The Mountain Top
John Telgren

 

There was a Christian song that came out over thirty years ago entitled, "Mountain Top."

"I love to sing and I love to pray, I worship the Lord most every day. I go to the temple and I just want to stay to hide from the hustle of the world and its ways.

I'd love to live on a mountaintop, and be fellowshipping with the Lord.
I'd love to stand on a mountaintop, 'Cause I love to feel my spirit soar.

But I must come down from the mountaintop to the people in the valley below; or they'll never know that they can go to the mountain of the Lord.

Mountain top experiences can be powerful times of renewal. There are times we need to go to the mountain top. For some it may be a retreat. For others it may be camp, a workshop, a singing, or simply a special trip to a literal mountaintop.

I had a friend that craved the mountaintop. When the feeling of the mountaintop wore off, so did his devotion and commitment. Needless to say, he showed up only sporadically to the Sunday assembly. He didn't feel the urge to go, so he didn't. He didn't want to go if his heart wasn't in it. So he would get weaker and weaker that way until the next mountain top experience, which was the annual Men's Retreat in the woods.

As I reflect on those mountaintop experiences in scripture, I am reminded they are not all the same. For some, it was a time of strengthening, encouragement, and renewal, such as Elijah's time in the mountain (1 Kng 19). For others, it was terrifying, uncomfortable, but nevertheless a time of renewal, as in the time Jacob wrestled with God by the Jabbok river (Gen 32). But God never leaves them there. When people are renewed, encouraged, and strengthened, it is always to serve or minister in some way.

God does not stay on the mountaintop. God is not found in a burning bush or on Mount Sinai today. The voice of God along with Moses and Elijah are no longer found on the mount of transfiguration.
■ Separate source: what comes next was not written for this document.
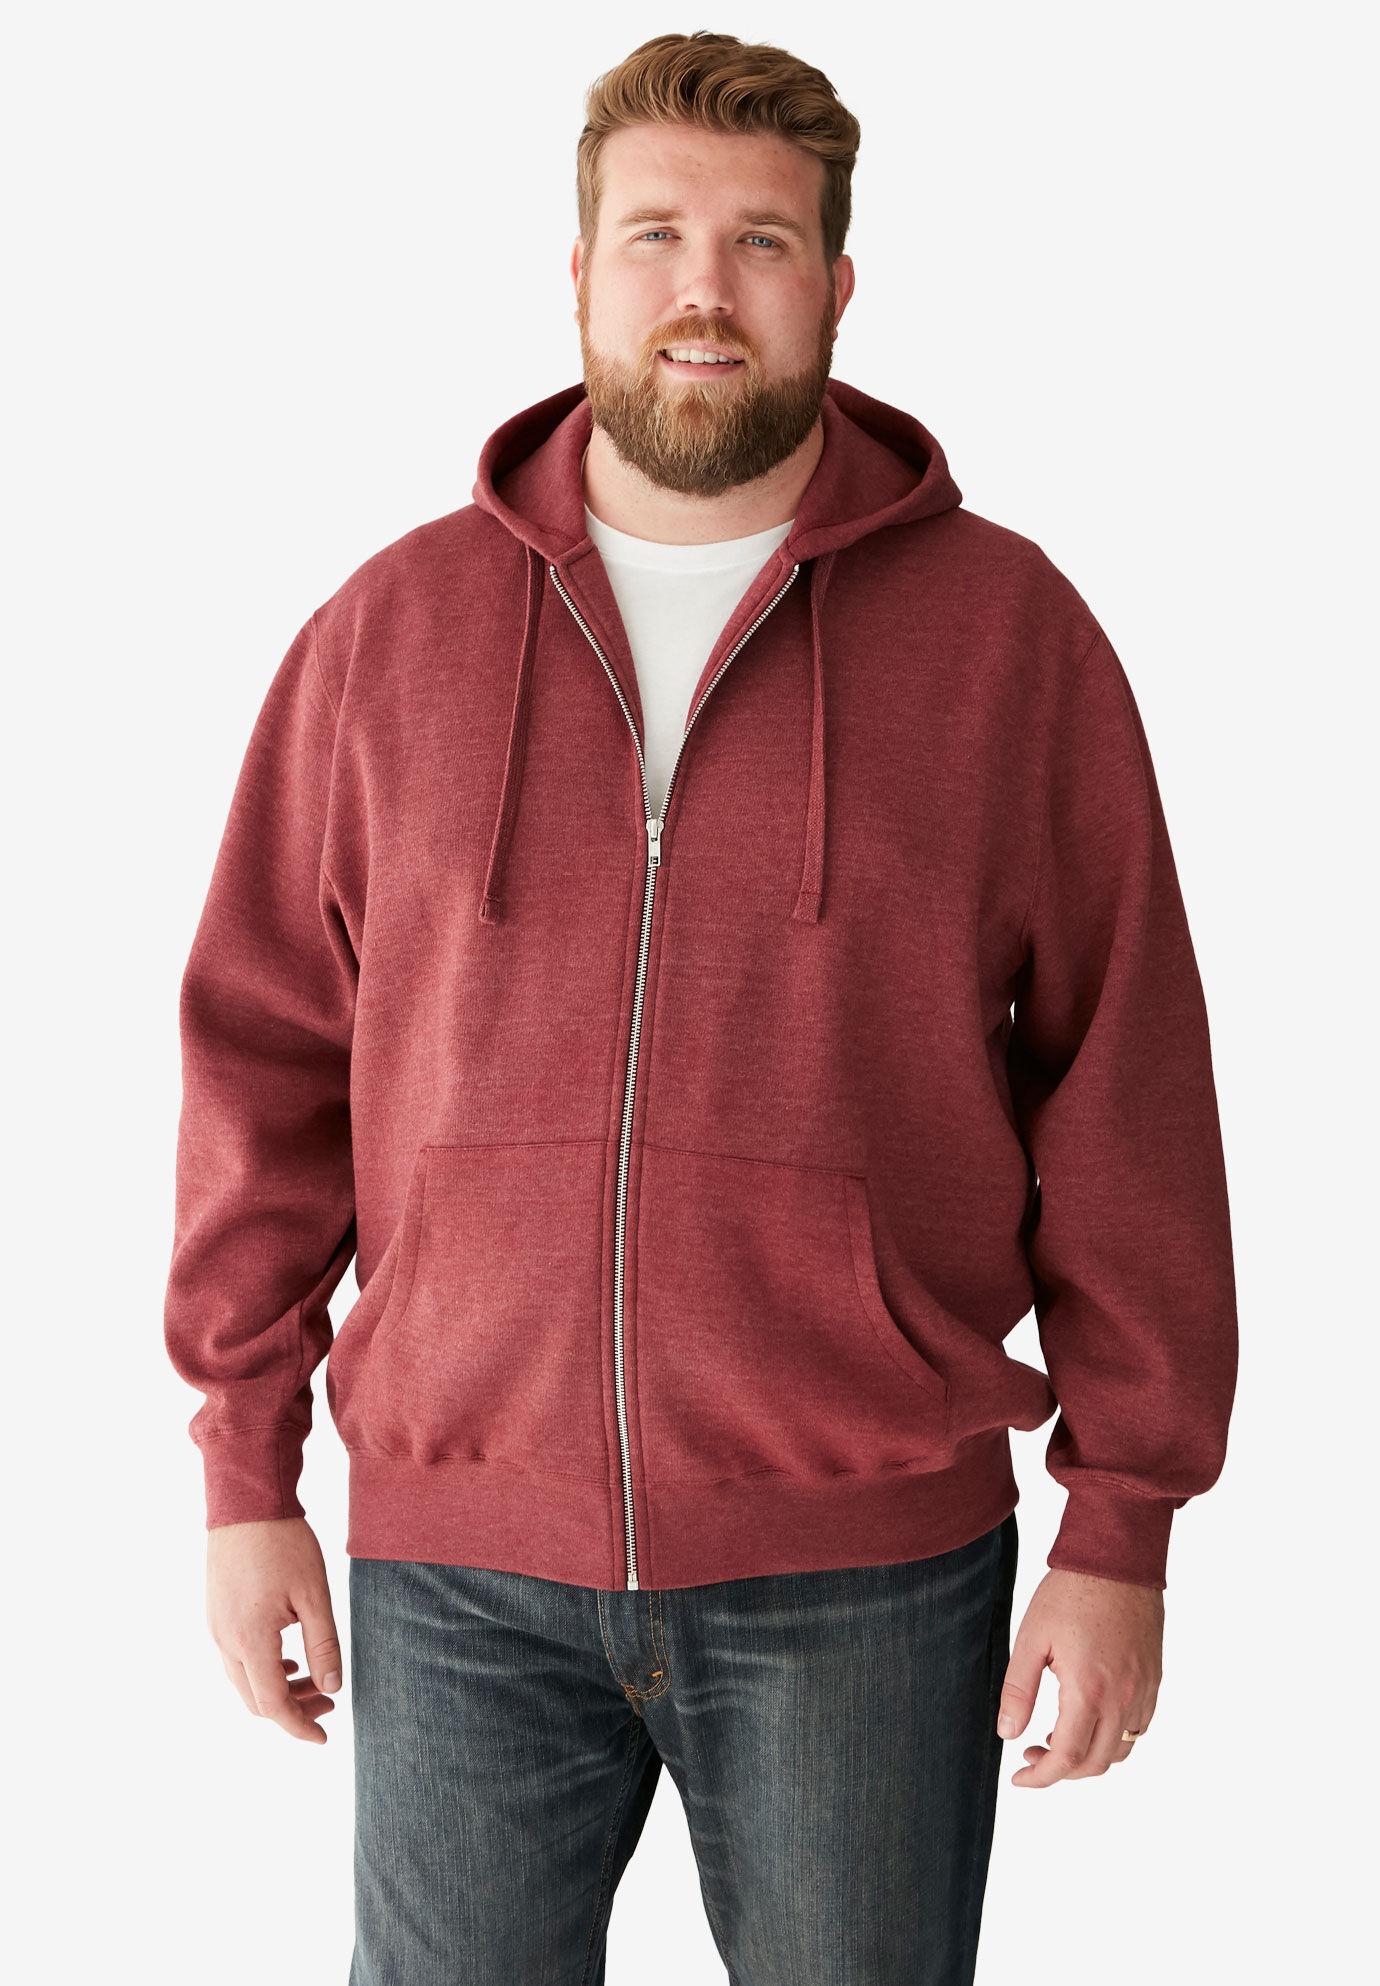 Big and tall sweatshirt for men us Army sweatshirt hoodie tall size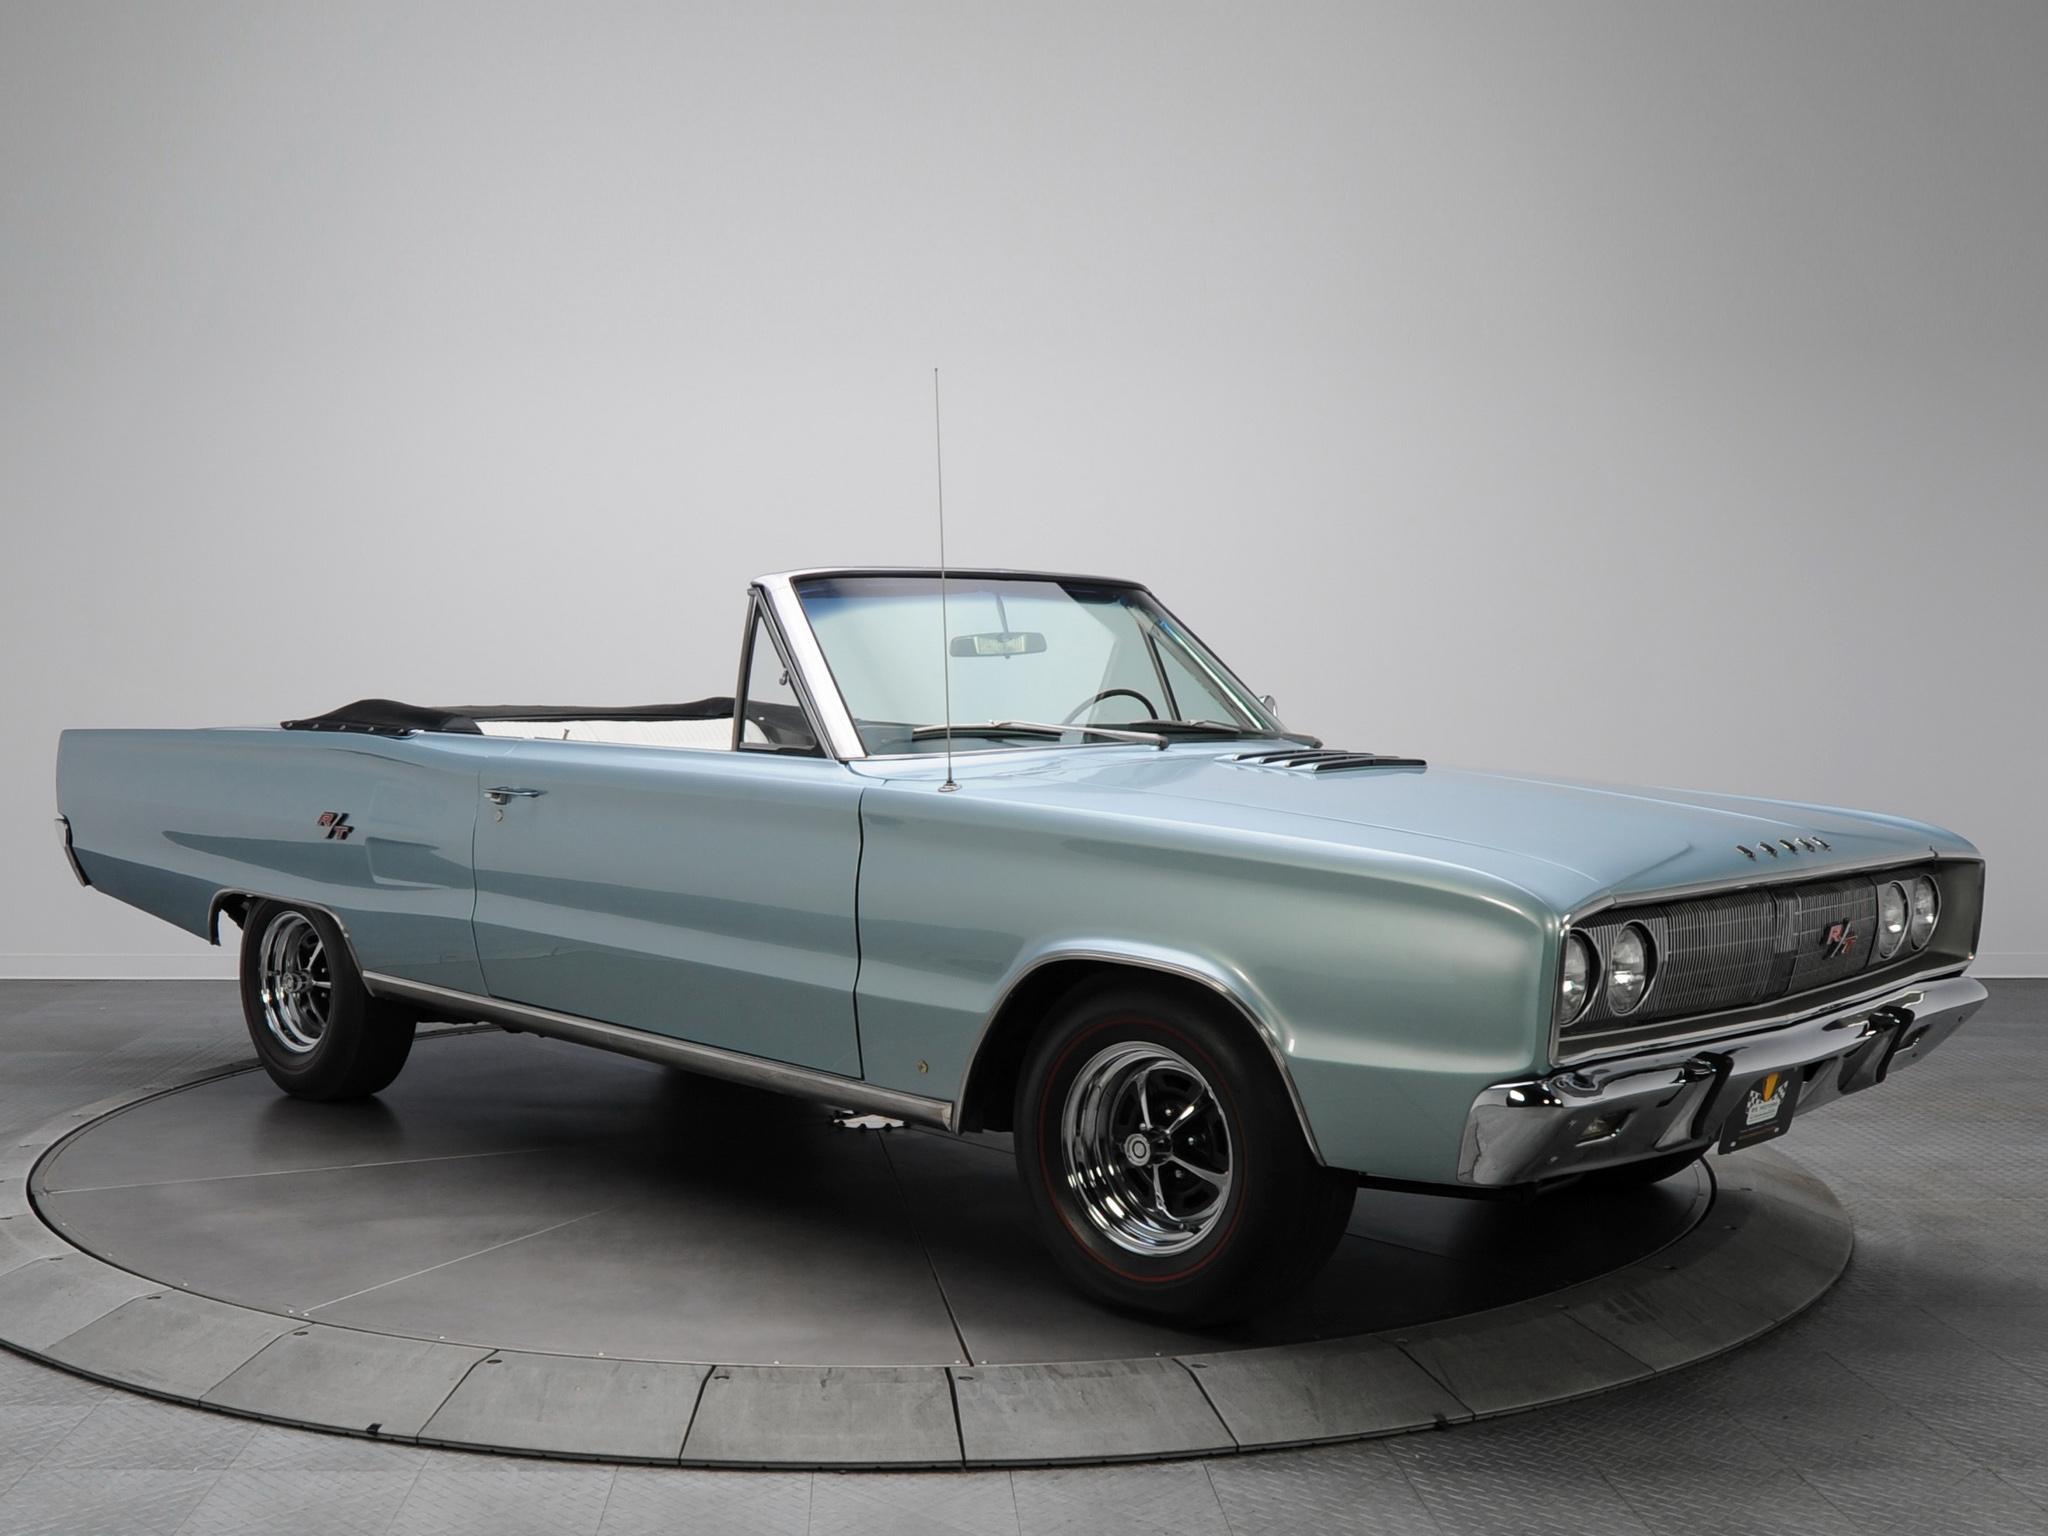 1967 dodge coronet r t convertible ws27 muscle classic h wallpaper 2048x1536 116772 wallpaperup

So anyone who just sits on the mountaintop waiting for another experience rather than going out to serve will get weaker and weaker as my friend did. It would not be unlike spending your whole life at the dinner table waiting to be fed, but never leaving it or doing anything else. Nothing could be unhealthier.

So, while retreats, camps, and other such things can be great times of renewal, they are only a part of the whole picture. Like Moses, we come down off the mountain and go out to serve. We don't do so alone. The Lord promised to be with us to the end of the age (Mt 28:20). We are a temple of the Spirit (1 Cor 6:19). God is with us every bit as much in the valley as he is on the mountain top.